Preventing the escape routes to glutamine withdrawal makes sense for the treatment of hematological malignancies and confirms the interest to combine the inhibition of Gln metabolism and of serine availability. Interestingly, since PHGDH inhibitors are not yet available, we fed leukemia-bearing mice with a diet deficient in serine and glycine, and documented that this diet combined with the daily administration of BPTES was sufficient to significantly prolong the life of treated mice. Of note, BPTES was stopped when leukemia-bearing mice fed the normal chow diet started to show signs of morbidity. Whether mice fed with the serine/glycine-deficient diet would live longer if BPTES was maintained, will need to be addressed in further studies. Interestingly, the Ba/F3 leukemia cells that we used in our in vivo experiments, expressed the Bcr-Abl tyrosine kinase, a hallmark of CML while most leukemia cell models used in vitro are of the AML type indicating that our findings could have a broad applicability in hematological malignancies. Altogether, these data support the concept of oncogene-activated signaling pathways converging towards a similar adaptation of leukemia cell metabolism involving not only glucose but also Gln and serine to support rapid cell division.
In conclusion we provide evidence that inhibition of Gln metabolism exacerbates the leukemia cell dependence for serine. Both intracellular serine synthesis and exogenous serine participate to the pool of serine in leukemia cells, and reduction in either source (ideally in both) exerts potent growth inhibitory effects, in part because of a non-opposed oxidative stress.
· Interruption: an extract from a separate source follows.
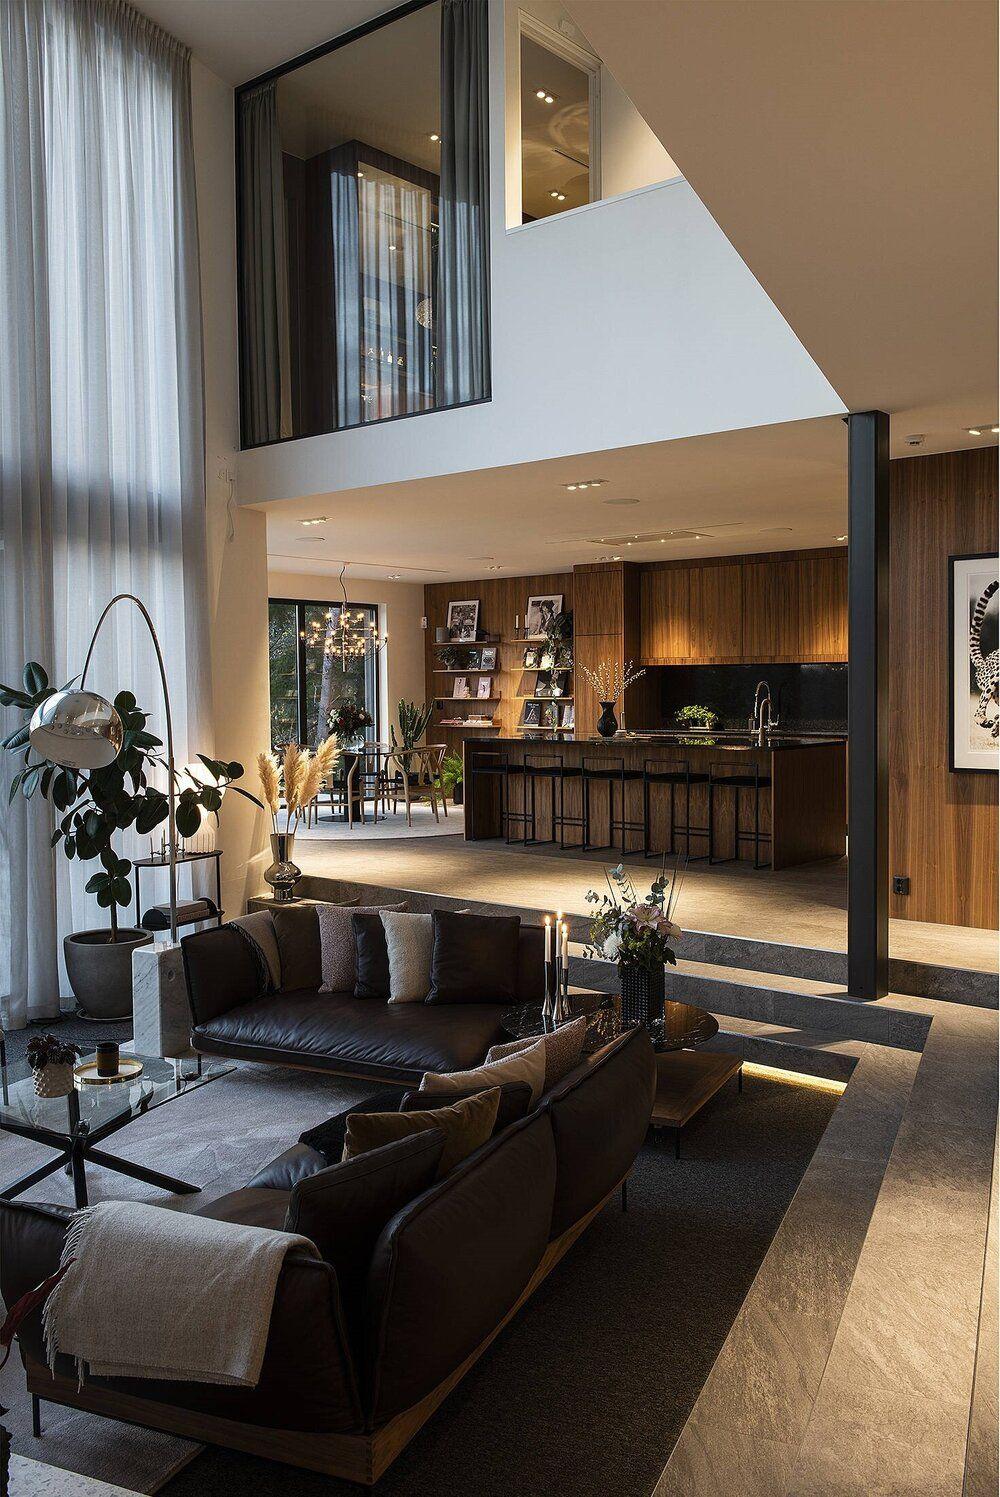 A Luxurious Open Plan Architectural Villa In Sweden The Nordroom Modern Home Interior Design Luxury Living Room Design Modern Houses Interior

Altogether, this study underlines that tumor metabolic plasticity also concerns leukemia cells and supports the combined use of drugs targeting Gln metabolism with modalities aiming to reduce serine availability in hematological malignancies. Of note, besides pharmacological PHGDH inhibitors that are currently under development, serine-free or serine-low diet could be envisaged throughout the leukemia treatment; low protein-diets supplemented with drinks containing essential amino acids are already in use for patients suffering of phenylketonuria and could be adapted to reduce exogenous serine availability.
MATERIALS AND METHODS
Leukemia cell culture
Different types of human leukemia cell lines were used: promyelocytic leukemia cells (HL-60), acute monocytic leukemia cells (THP-1), myelogenous cells (KG1a), acute monocytic cells (MV4–11) and erythromyeloblastoid leukemia cells (K-562). These leukemia cells were routinely cultured in RPMI Glutamax (Life Technologies) supplemented with 10% FBS. The Ba/F3 cell line transfected with Bcr-Abl (a gift from Dr. K. Bhalla, MCG Cancer Center, Medical College of Georgia, Augusta, GA, USA) was cultured in RPMI1640 medium supplemented with 10% FBS and 1% non-essential amino acids solution (Life Technologies). For the experiments requiring medium adaptation, Dulbecco’s Modified Eagle Medium (DMEM) powder (Sigma) was used to generate media containing glucose (10 mM) and/or glutamine (2 mM), and MEM (Sigma) was used to produce medium containing serine or not; dialyzed serum (10%) was used in these experiments.
All the experiments involving mice received the approval of the university ethic committee (approval ID 2012/UCL/MD005) and were carried out according to national animal care regulations. Female BALB/c byj were purchased from Janvier. 1 × 106 Ba/F3 cells were injected intravenously in the tail vein. One week before Ba/F3 injection, they received a diet containing no glycine, no serine versus a control diet (Test Diet).
L-Asparaginase (Paronal®) was from Takeda and gamma-l-Glutamyl-p-Nitroanilide (GPNA) was from Sigma. CB-839 and BPTES were synthesized in our lab as described elsewhere .
Cell growth was measured using PrestoBlue (Invitrogen). Cells were seeded at 1 × 105 cells/ml or 2.5 × 105 cells/ml in 96-well plates. After 48 hours, 10% PrestoBlue was added to each well. After 2 hours at 37°C, fluorescence intensity was measured. Cells were also counted using Cellometer Auto T4 cell counter from Nexcelom wherein viable cells were enumerated by Trypan blue exclusion.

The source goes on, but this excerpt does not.